Libraries provide different application programming interfaces (APIs) that allow users to access library data programmatically, e.g. via a script. The APIs can be implementation of widely used specifications, which are available in many libraries, or custom interfaces which are available in particular institutions. APIs have three important layers:
- the specification of the service. It describes how the data can be accessed (in some cases also how to create, modify or delete), whether the particular call (an individual functionality of the service) requires authentication and authorization.
- client libraries for particular language and tools that work on the command line or have a graphical user interface
Some of the most important standardised APIs are:
- Open Archives Initiative Protocol for Metadata Harvesting (OAI-PMH) provides a mechanism to iterate over predefined sets of records.
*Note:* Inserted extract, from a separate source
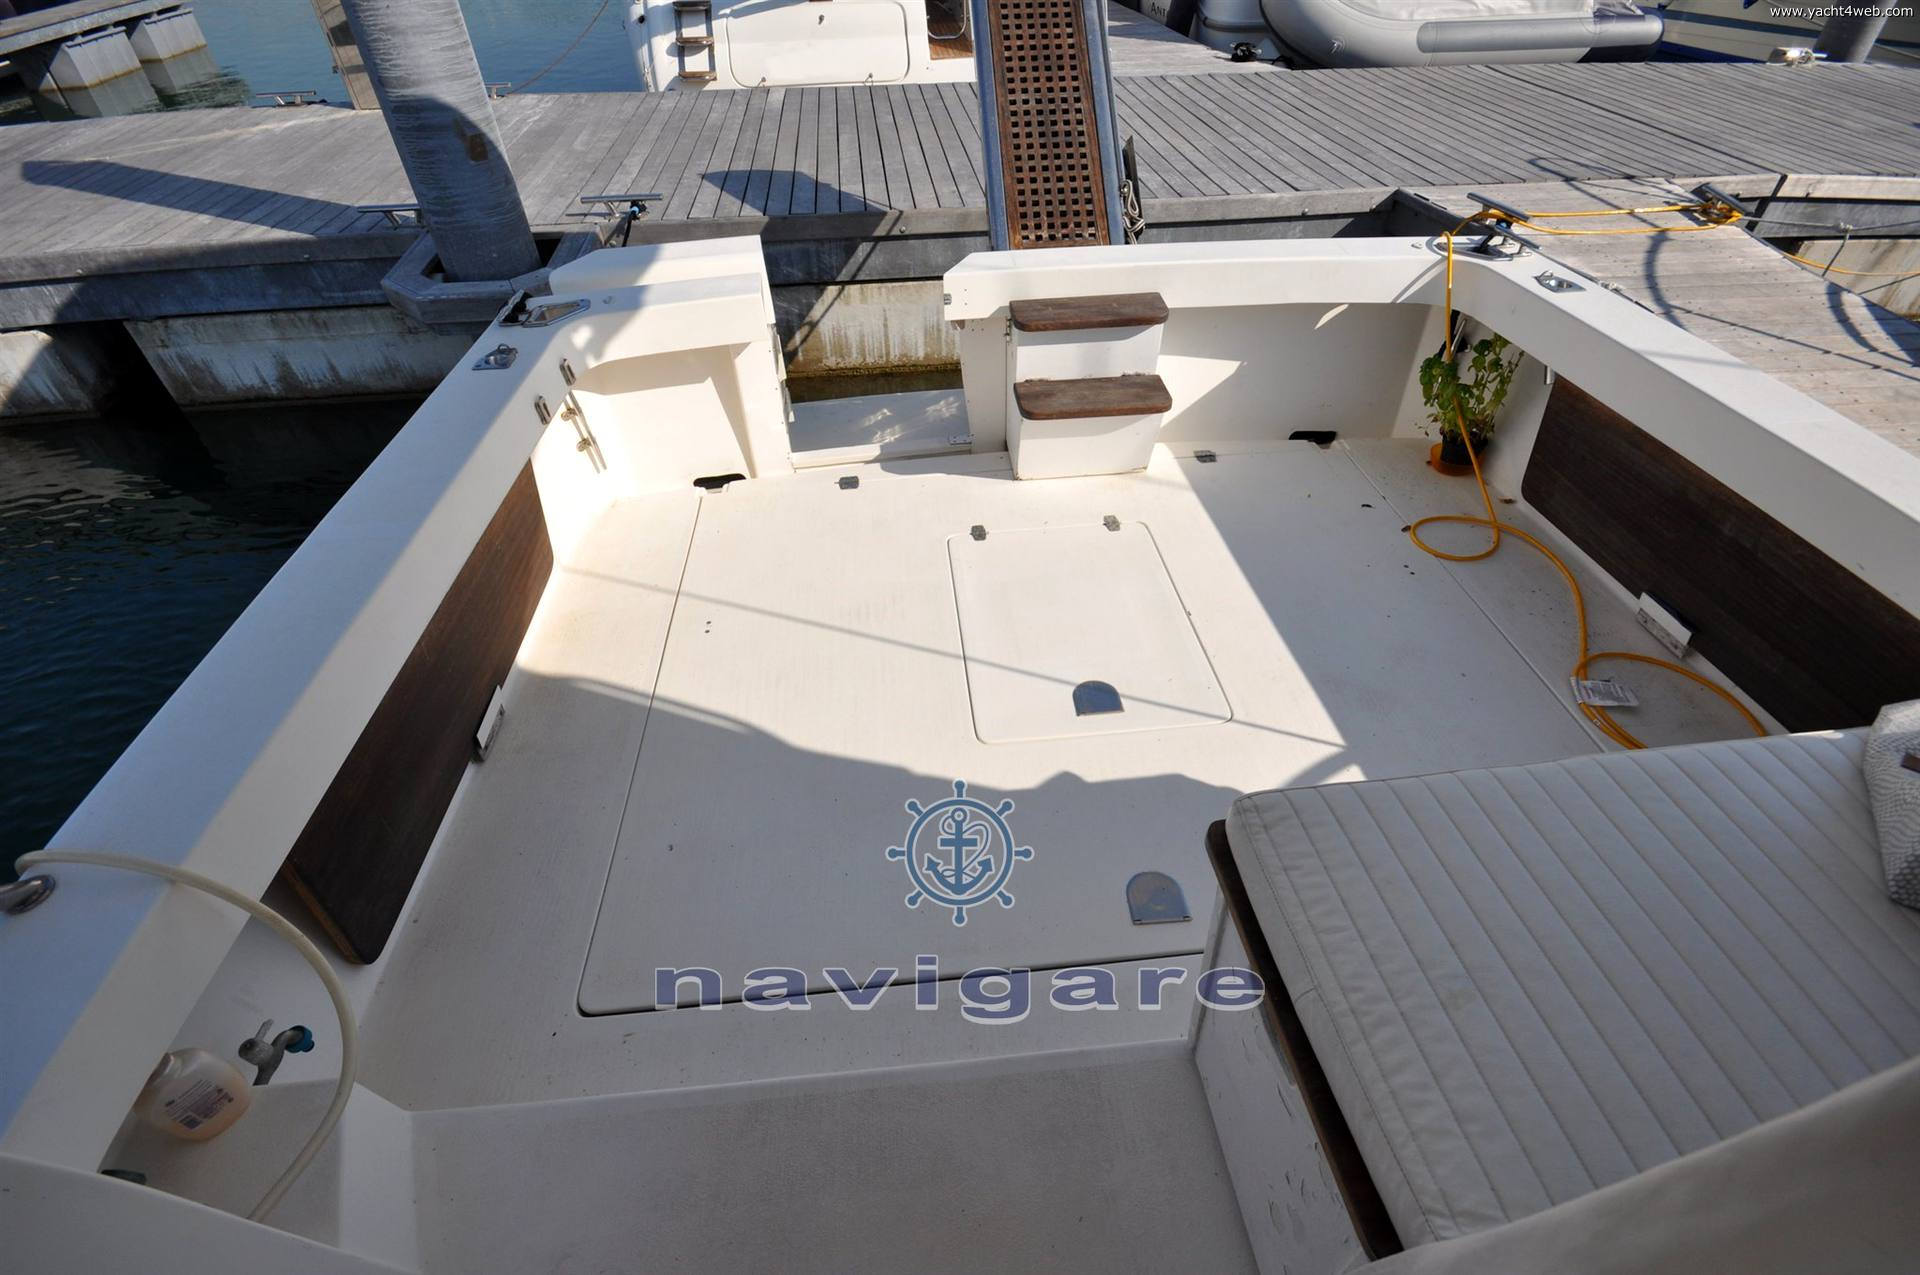 Plastik Space 310 cruiser Motor yacht

The sets are created by the libraries. It does not provide searches, but the implementation might provide information of the changes of the database. In the jargon the activity of using OAI-PMH is called “harvesting”.
- Information Retrieval (Z39.50): Application Service Definition and Protocol Specification is an older standard, and implemented in almost all cataloguing systems, however its access point is not always public. Most of the libraries set some limitations, so one can not download an arbitrary number of records. It provides search possibilities via a peculiar query language.
- SPARQL Protocol and RDF Query Language, a communication protocol and a query language for RDF graphs (linked data). We live in a transition period from MARC-based or MARC-like pre-coordinated metadata schemas to post-coordinated and open linked data graphs. SPARQL defines how these graphs can be searched and retrieved.
- Cool URIs for the Semantic Web is a simple API describing how to access different representations of the resource.
- Signposting provides a mechanism to specify links between scholarly papers, its metadata, landing page, authors, and different formats.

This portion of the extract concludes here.